Deering J. Roberts, M. D., Surgeon, Confederate States Army
The organization of the Confederate Medical Department was identical with that of the United States army at the breaking out of hostilities, and the army regulations under which rank and discipline were maintained were those of the United States, the only copies which came under the writer's observation being those printed prior to the war. The medical staff of the armies of the Confederacy embraced only three grades of rank, viz.: one surgeon-general with rank, emoluments, and allowances of a brigadier-general of cavalry; about one thousand surgeons with rank, allowances, and emoluments of a major of cavalry; and about two thousand assistant surgeons, with the rank of a captain of cavalry; among the latter, or possibly in addition thereto, were a number of contract surgeons or acting assistant surgeons, with the pay of a second lieutenant of infantry, who were temporarily employed; nearly all of these, however, at some period subsequent to their employment as contract surgeons were examined by an army board of medical examiners and were commissioned as surgeons or assistant surgeons, or dropped from the army rolls.

The following statement is quoted from an address by S. P. Moore, M. D., surgeon-general of the Confederate States army, delivered at Richmond, Virginia, October 19, 1875:

Congressional legislation.

To make the corps still more effective, to hold out rewards to distinguished medical officers, to offer incentives (if needed) to faithful and efficient performance of duties, and to confer additional and commensurate authority on those in most important positions, a bill was prepared creating the offices of two assistant surgeon-generals, one to exercise authority west of the Mississippi, the other to be on duty in the surgeon-general's office; medical directors, medical inspectors, medical purveyors, all with rank of colonel. This bill passed both Houses of Congress (they appearing willing always to aid the department in its effort toward a more perfect organization), but was vetoed by the President. It seemed useless to make further efforts in this direction.

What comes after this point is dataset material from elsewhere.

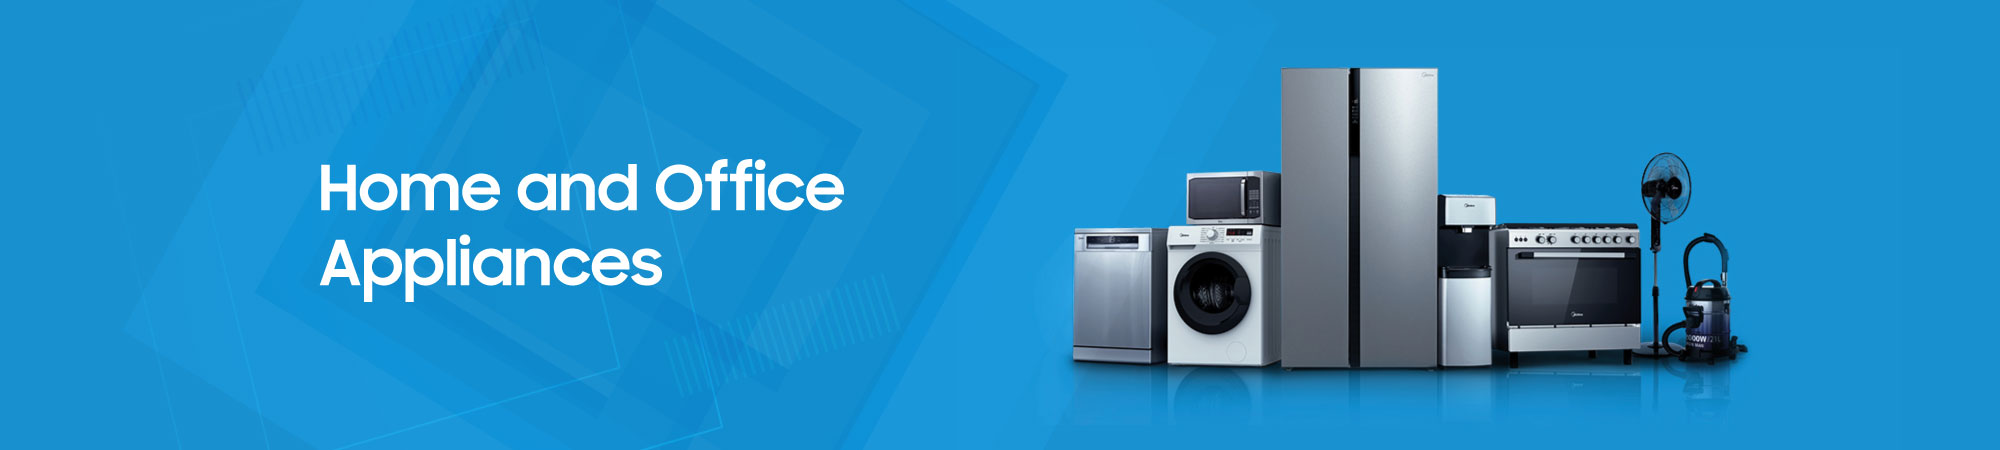 Home and Office Appliances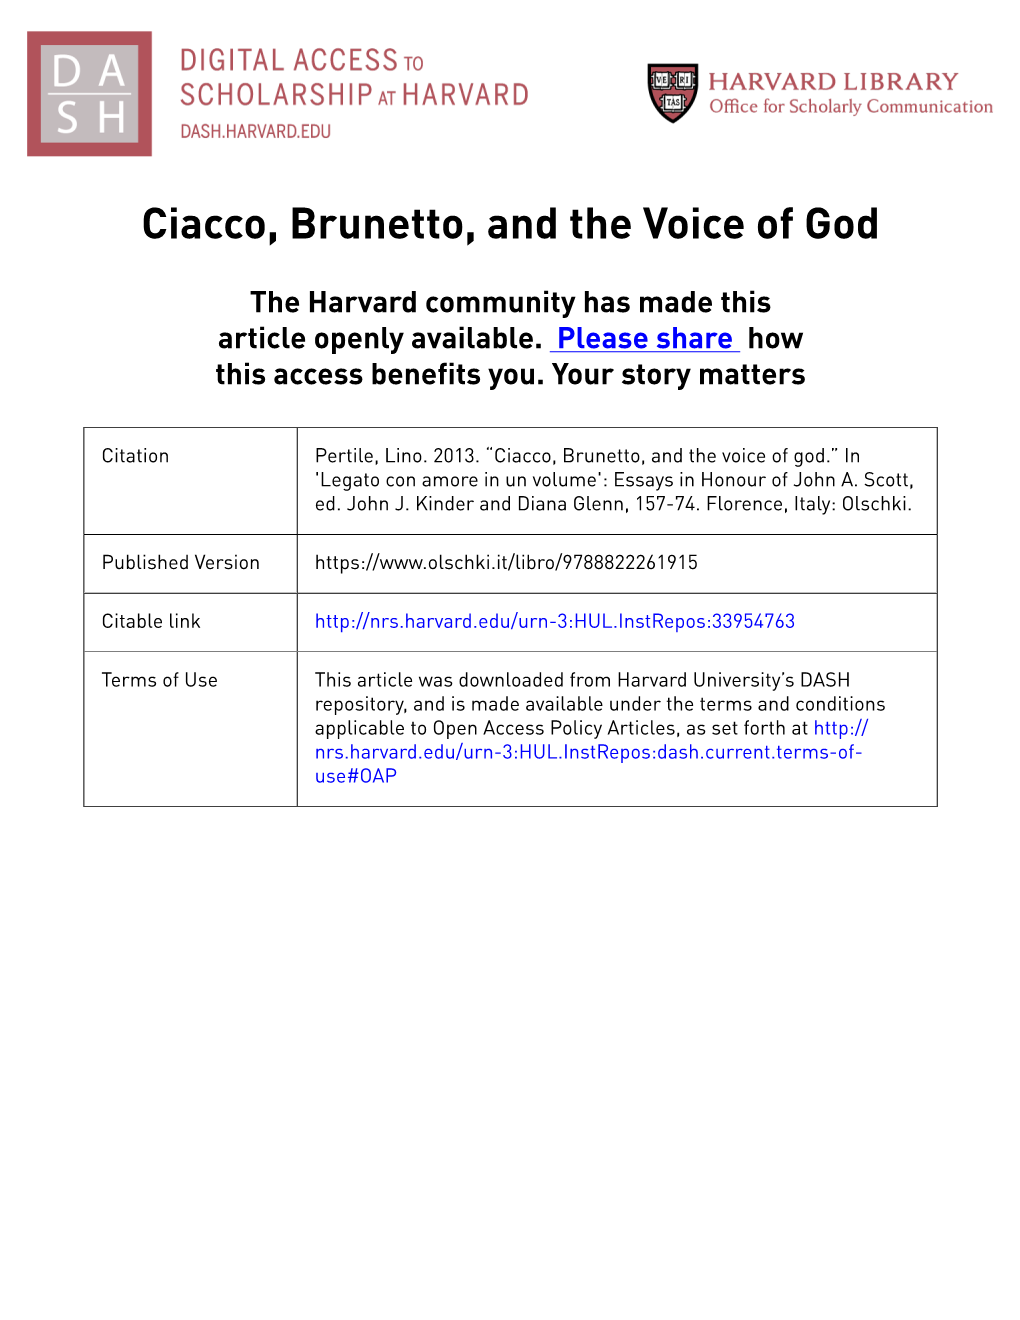 Ciacco, Brunetto and the Voice of God.Pdf (113.5Kb)

The Southern practitioner, vol. XXXI, 1909, p. 494.


 

To each regiment of infantry or cavalry was assigned a surgeon and an assistant surgeon; to a battalion of either, and sometimes to a company of artillery, an assistant surgeon. Whenever regiments and battalions were combined into brigades, the surgeon whose commission bore the oldest date became the senior surgeon of brigade, and although a member of the staff of the brigade commander, was not relieved of his regimental duties; sometimes, however, he was allowed an additional assistant surgeon, who was carried as a supernumerary on the brigade roster. To the senior surgeon of brigade, the regimental and battalion medical officers made their daily morning, weekly, monthly, and quarterly reports, and reports of killed and wounded after engagements, which by him were consolidated and forwarded to the chief surgeon of the division to which the brigade was attached; regiments and brigades acting in an independent capacity forwarded their reports to the medical director of the army or department, or to the surgeon-general direct. Requisitions for regimental and battalion medical, surgical, and hospital supplies, as well as applications for furlough or leave of absence, discharge, resignation, or assignment to post duty, on account of disability, were first approved by the regimental or battalion medical officer, after giving his reasons for approval and the nature of the disability in the latter instances, and forwarded by him to the senior surgeon of brigade, and by him to the chief surgeon of division and the other ranking officers in the corps and army for their approval. Independent commands reported to the medical director of the department or army, or the surgeon-general direct. Medical purveyors nearest to the army, as promptly as possible, forwarded all needed medical, surgical, and hospital supplies, on approved requisitions.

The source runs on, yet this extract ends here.